Grade: Solid B

I went into this show with absolutely no knowledge of Alex Cameron, and, honestly, that only enhanced my experience. Apparently, Cameron performs under the persona of a failed musician, which makes for a very paradoxical experience at his shows, as he’s obviously very talented, but almost pretending otherwise.

Let’s start with the opener, though, Molly Burch. Wearing a floor-length dark green floral dress with button sleeves, with her long, brown hair left down and free, Burch really embodied the aura of a 70s performer. She reminded me a lot of Joni Mitchell — not necessarily stylistically, but in the feel of her presence.
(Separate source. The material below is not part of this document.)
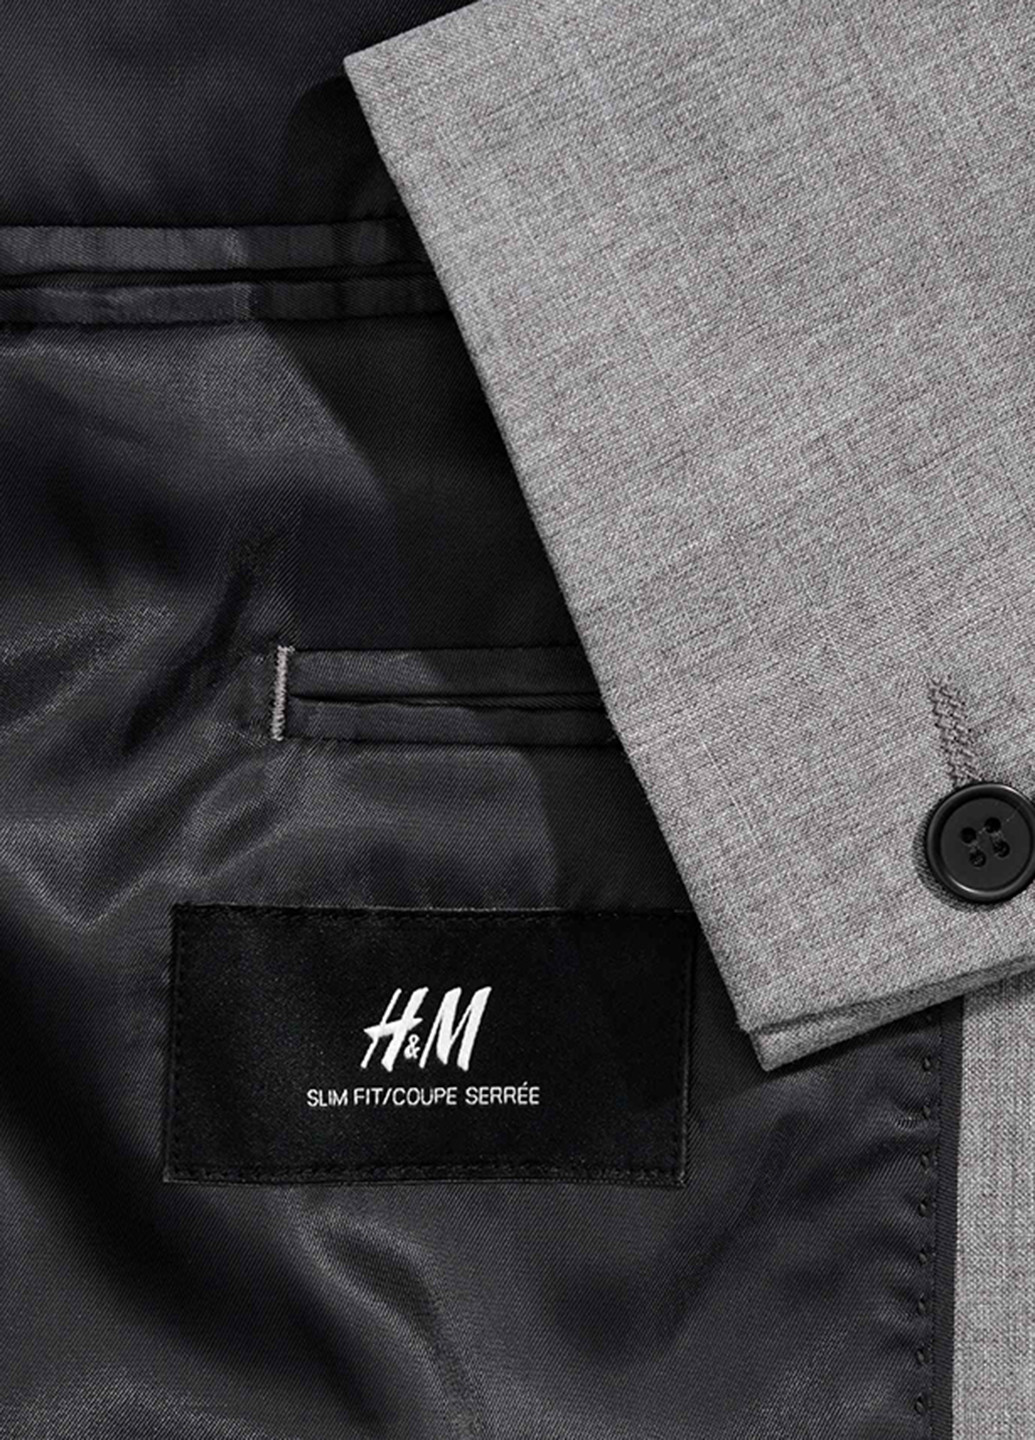 Піджак H&M з довгим рукавом однотонний сірий діловий

Keeping in mind that I was only under the influence of one drink at this point in the show, I found it especially appealing that Burch’s music just seemed to flow. There were distinctions between songs, but none that mattered. Her voice somehow carried over from one song to the next without creating any break in action. This is potentially the first time I’ve ever fully understood the saying “you could sing the phone book;” her songwriting was fabulous, but it also didn’t matter. I would have followed her voice off a cliff without even noticing.

Cameron, with his put-on bravado and creepiness (?), was a vast distinction from Burch, but drew you in in the same oddly-alluring way. The way he moved created a sense of being stalked by a predator and/or an Urusla/Ariel dynamic: you get the feeling you should run, but you also feel safe and loved.

Oddly enough, Cameron and the saxophonist, Roy Malloy — seemingly the two main members of the band — were by far the worst performers. But, given their “failed performer” aesthetic, perhaps they were actually the best.

The keyboardist and only female of the group was by far the most fun to watch. She radiated confidence, beauty, musicality, and sex appeal simultaneously, without being cocky, unreachable, over-the-top, or anything but real. In a word, she just seemed really fucking cool.

Honestly, this show was everything a show should be. It felt incredibly honest, and it was a privilege to watch. I didn’t attend this show; I experienced this show. It was full of life.